◆ Collected material:
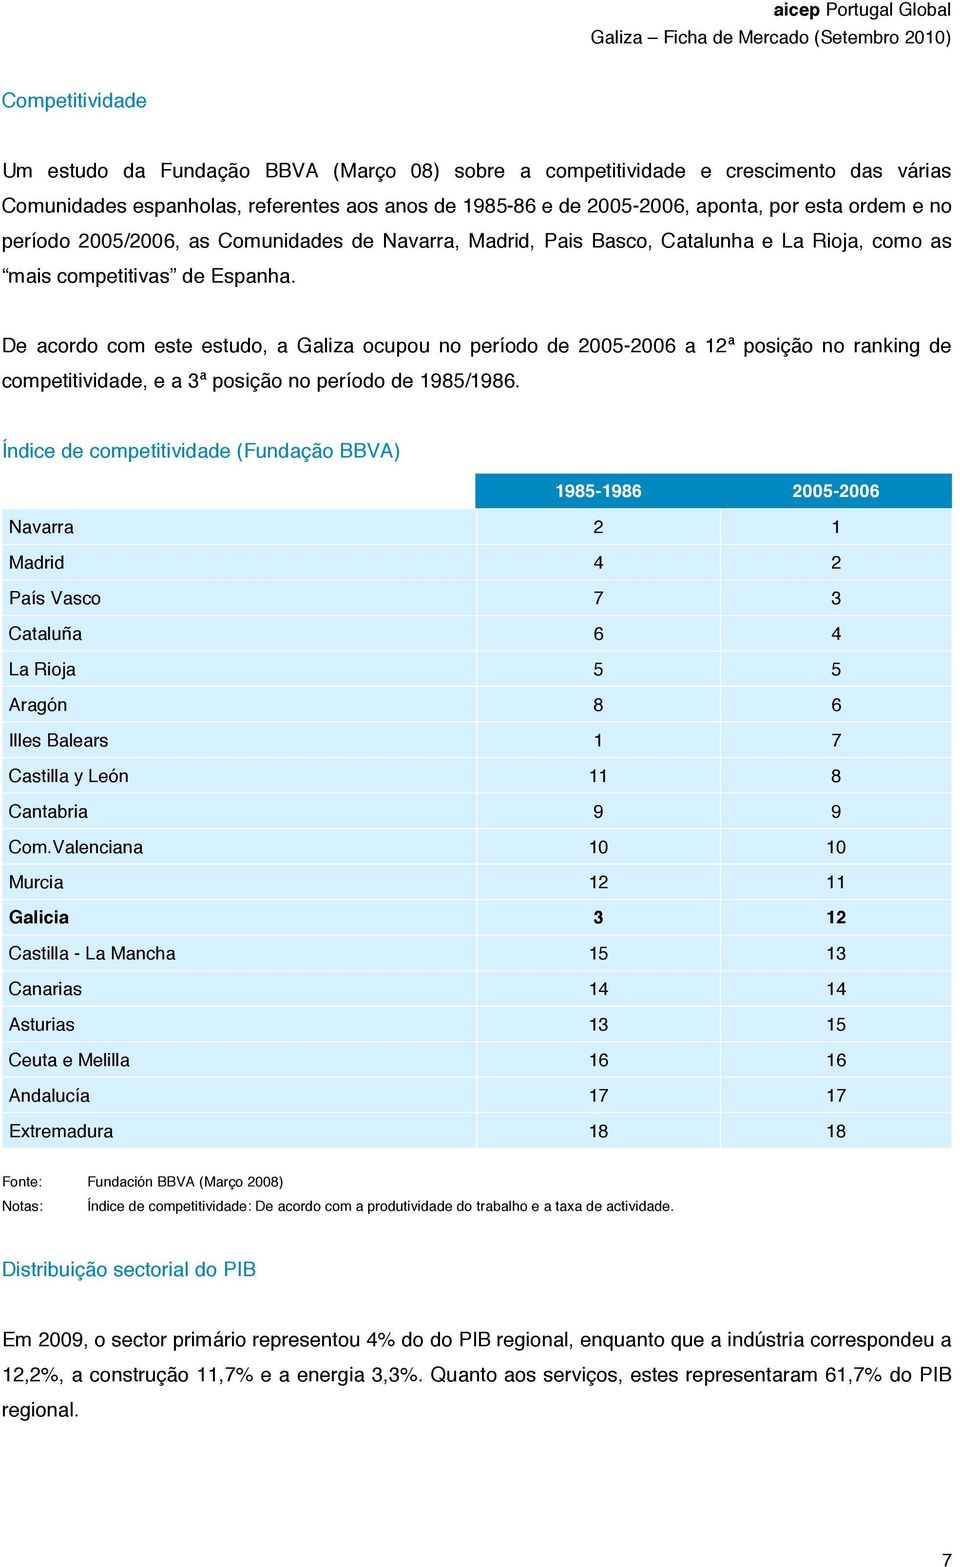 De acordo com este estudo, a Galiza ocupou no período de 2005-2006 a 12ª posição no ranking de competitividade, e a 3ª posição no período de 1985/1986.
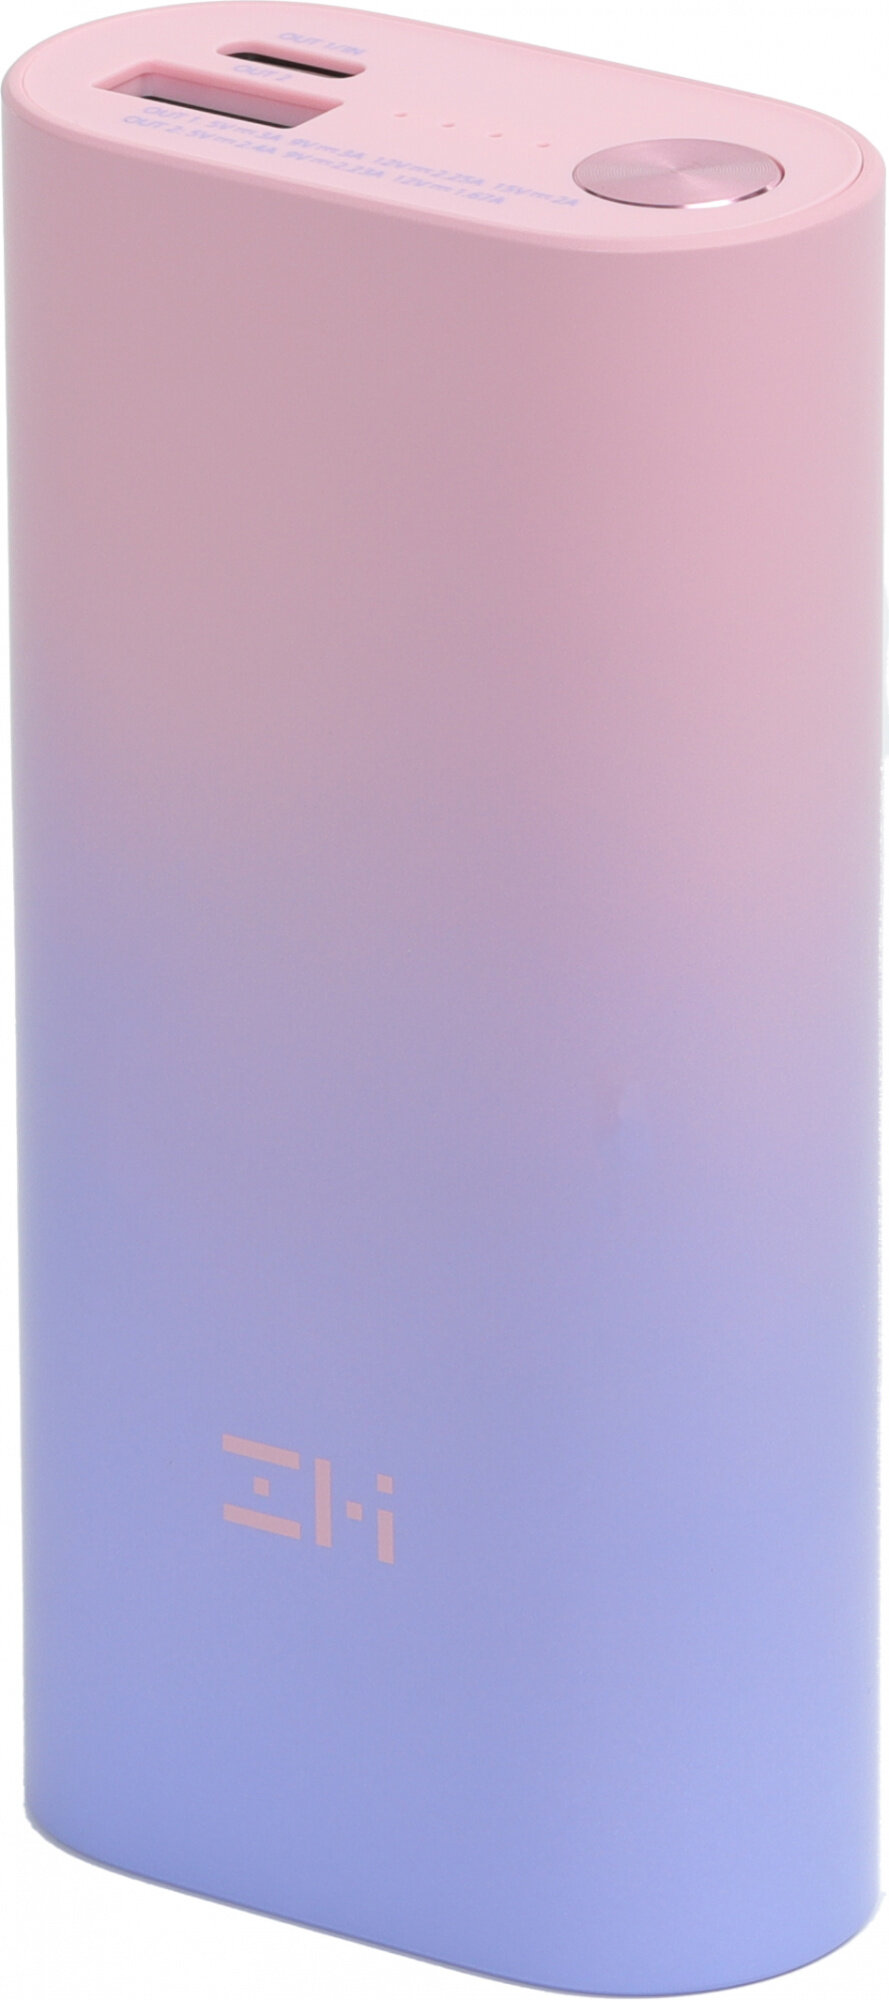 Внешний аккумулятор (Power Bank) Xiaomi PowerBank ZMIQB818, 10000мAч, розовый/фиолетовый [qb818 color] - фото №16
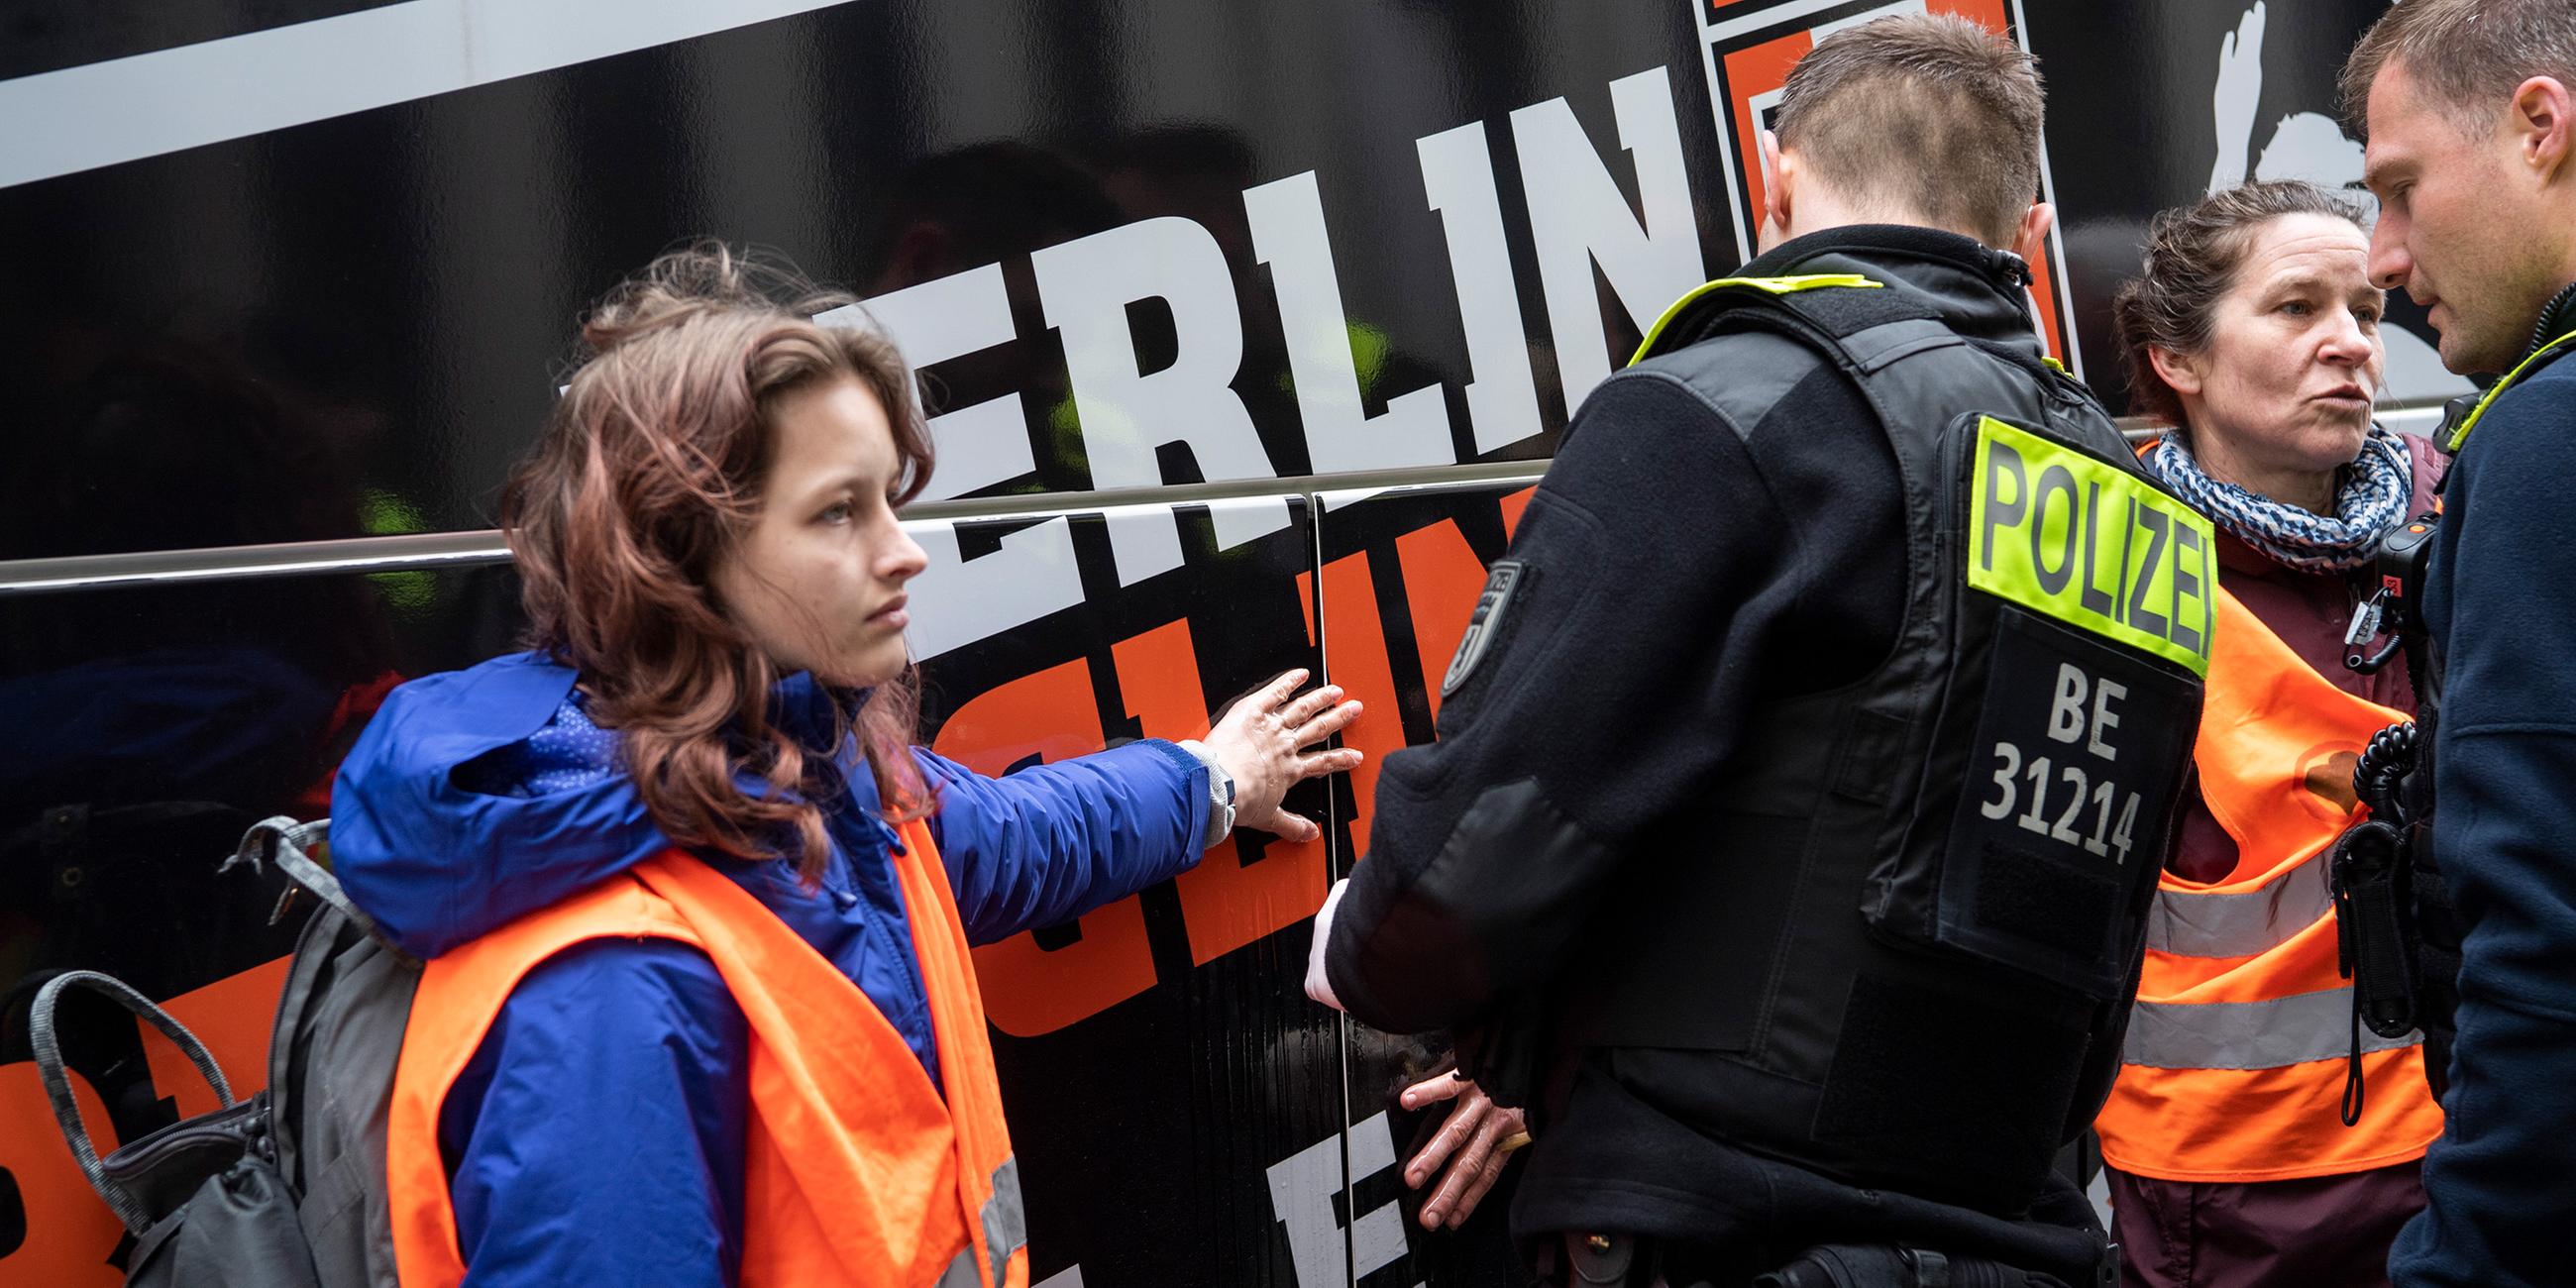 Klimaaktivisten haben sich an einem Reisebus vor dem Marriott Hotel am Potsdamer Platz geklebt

◆ Assigned task: Skipping any images, write out all the data exactly.

◆ Expected answer:
 De acordo com este estudo, a Galiza ocupou no período de 2005-2006 a 12ª posição no ranking de competitividade, e a 3ª posição no período de 1985/1986.
 Внешний аккумулятор (Power Bank) Xiaomi PowerBank ZMIQB818, 10000мAч, розовый/фиолетовый [qb818 color] - фото №16
 Klimaaktivisten haben sich an einem Reisebus vor dem Marriott Hotel am Potsdamer Platz geklebt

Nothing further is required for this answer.